Товарищ Изместьева, в отличие он него самого, сделал недюжинную карьеру,  пробившись в полковники при Петербургском военном приказе, и к просьбе капитана отнесся с пониманием. Вскоре Алексей Илларьевич был назначен начальником каторжной крепости под Архангельском.
«Только благодарить не спеши, - значилось в записке, присовокупленной к назначению. – Крепость та – изрядный медвежий угол, по службе особо не продвинешься, да я полагаю, ты продвижения и не жаждешь. Кроме того, есть в тамошней тайге места с дурной славой: людишки там мрут от неизвестной хвори.

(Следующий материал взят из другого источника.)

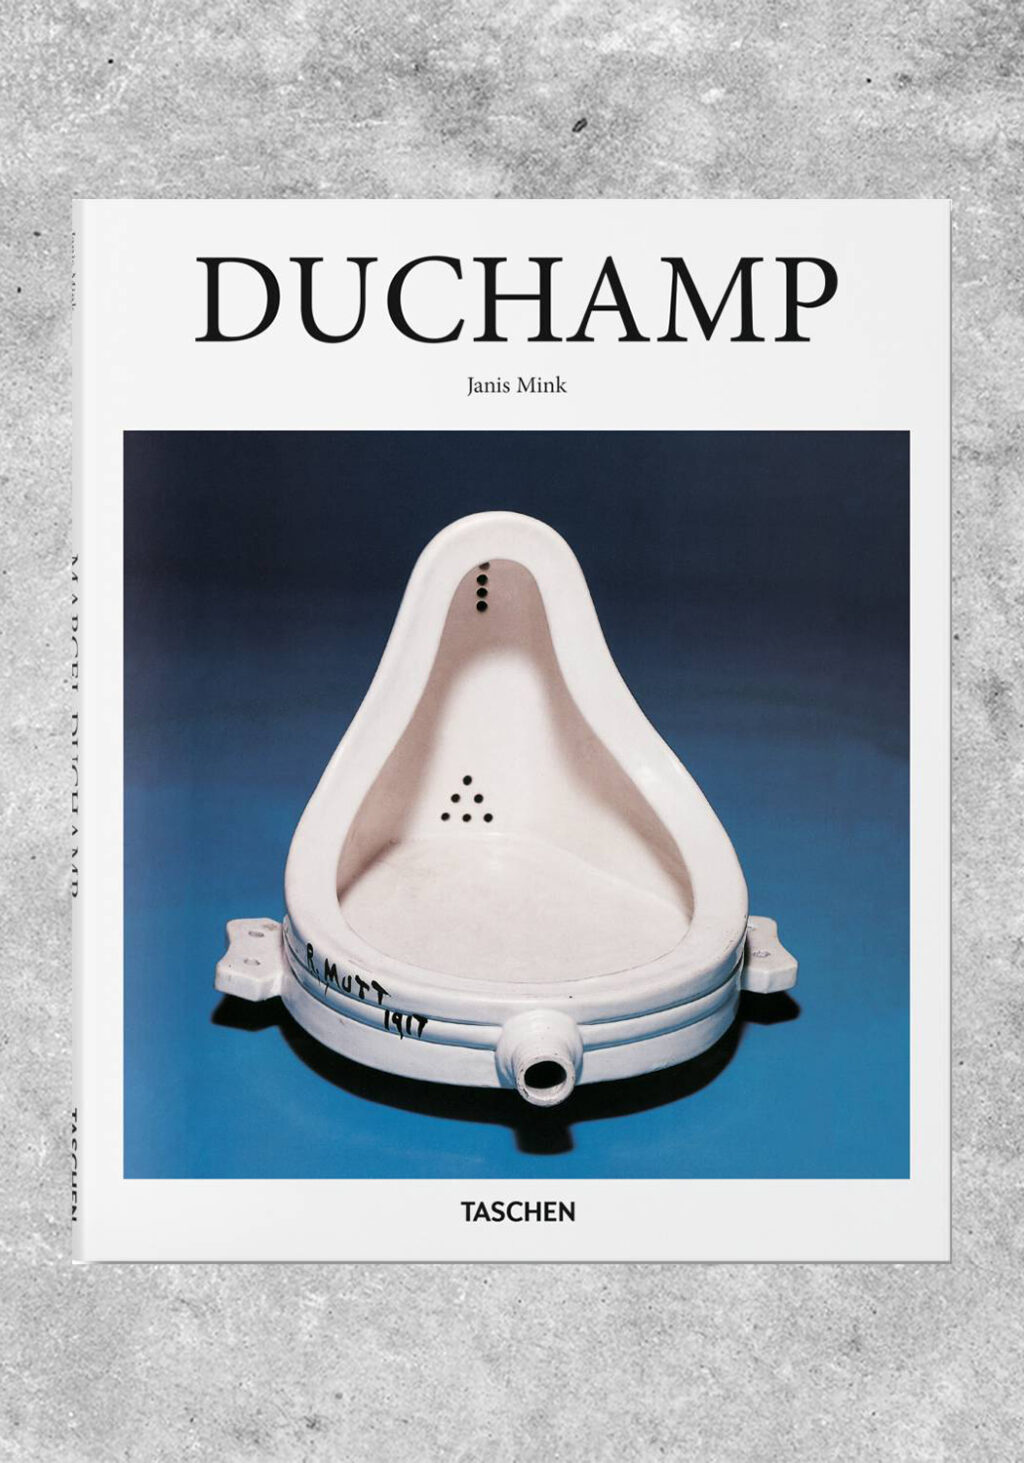 Taschen BA Series Duchamp

Покрываются язвами, харкают кровью, а иные лысеют головами и слепнут. Ты тех мест остерегайся, добром прошу. Зато с окрестными племенами легко уживешься: народец это смирный, только Касым, хан зытяков, изредка голову подымает… Да для тебя он не противник. В общем, служи, брат, во славу государя нашего, и да хранит тебя Господь…»

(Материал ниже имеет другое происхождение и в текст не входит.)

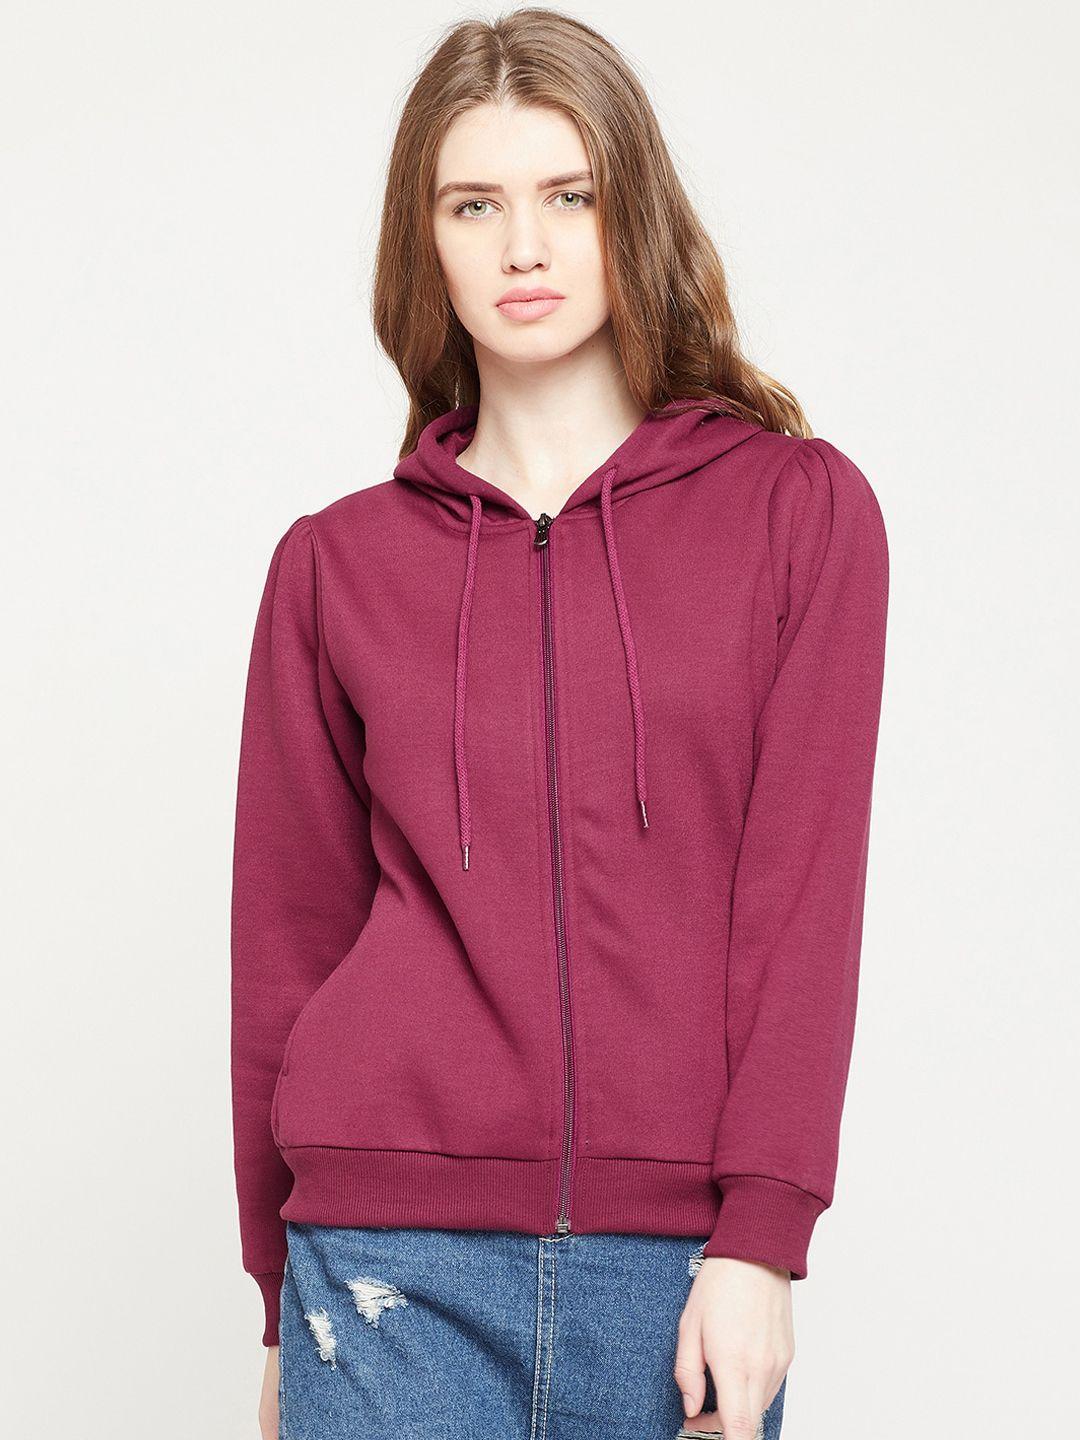 carlton-london-women-maroon-solid-sweatshirt

Служба в остроге оказалась как служба. Охрана дорог силами казачьих разъездов (исконные таежные жители и впрямь хлопот не доставляли, полковник не солгал), назначение караулов, хозяйственные дела внутри крепости и надзор за каторжниками, которые стучали кирками в древнем медном руднике в полутора верстах к северу от острога. Никитушка тем временем окончил военную школу, год прослужил в Петербурге, но после некоторых событий (весьма, надо сказать, неприятных, едва не завершившихся дуэлью и казематом) был переведен под Архангельск, под батюшкино крылышко.
Словом, Господь, будто внемля пожеланиям Изместьевского приятеля, и вправду взялся хранить его, Алексея Илларьевича, от всяческих бурь и потрясений.

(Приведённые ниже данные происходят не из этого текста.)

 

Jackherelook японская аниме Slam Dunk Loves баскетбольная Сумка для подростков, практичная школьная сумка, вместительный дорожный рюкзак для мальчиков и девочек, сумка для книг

Как выяснилось, до нынешнего дня.
Бывают на свете такие дни: в одночасье, в краткий миг вдруг обрывается у человека предыдущая жизнь, с привычными радостями и печалями, и начинается другая. Человек и в мыслях не держит, что вон там, за поворотом наезженной дороги, поджидает совсем другой мир, перевернутый с ног на голову, и только потом, позже,  с удивлением сетует: а ведь я должен был почувствовать, все указывало на то.
И еще говорит: кабы можно было повернуть все назад, в ту минуту, на тот участок дороги перед поворотом. Уж я бы…
Черта с два я отдал бы Никитушку в военную школу. Черта с два хлопотал бы, чтобы его перевели в эту глухомань из столицы – вообразил, дурак, будто никакая опасность тут не грозит, а ведь предупреждали тебя: места здесь проклятые. Дурная слава попусту не возникает…
И уж вовсе костьми бы лег, но не позволил отпрыску сопровождать колодников на рудничные работы. Поставил бы в дозор на сторожевую башню, отослал с донесением в Архангельск, заставил гонять рекрутов по плацу – даром, что те не различают, где право, где лево… Никита, конечно, взбрыкнул бы (норовом в матушку пошел, стервец), но приказа начальника крепости – будь тот трижды родственник – не ослушался бы…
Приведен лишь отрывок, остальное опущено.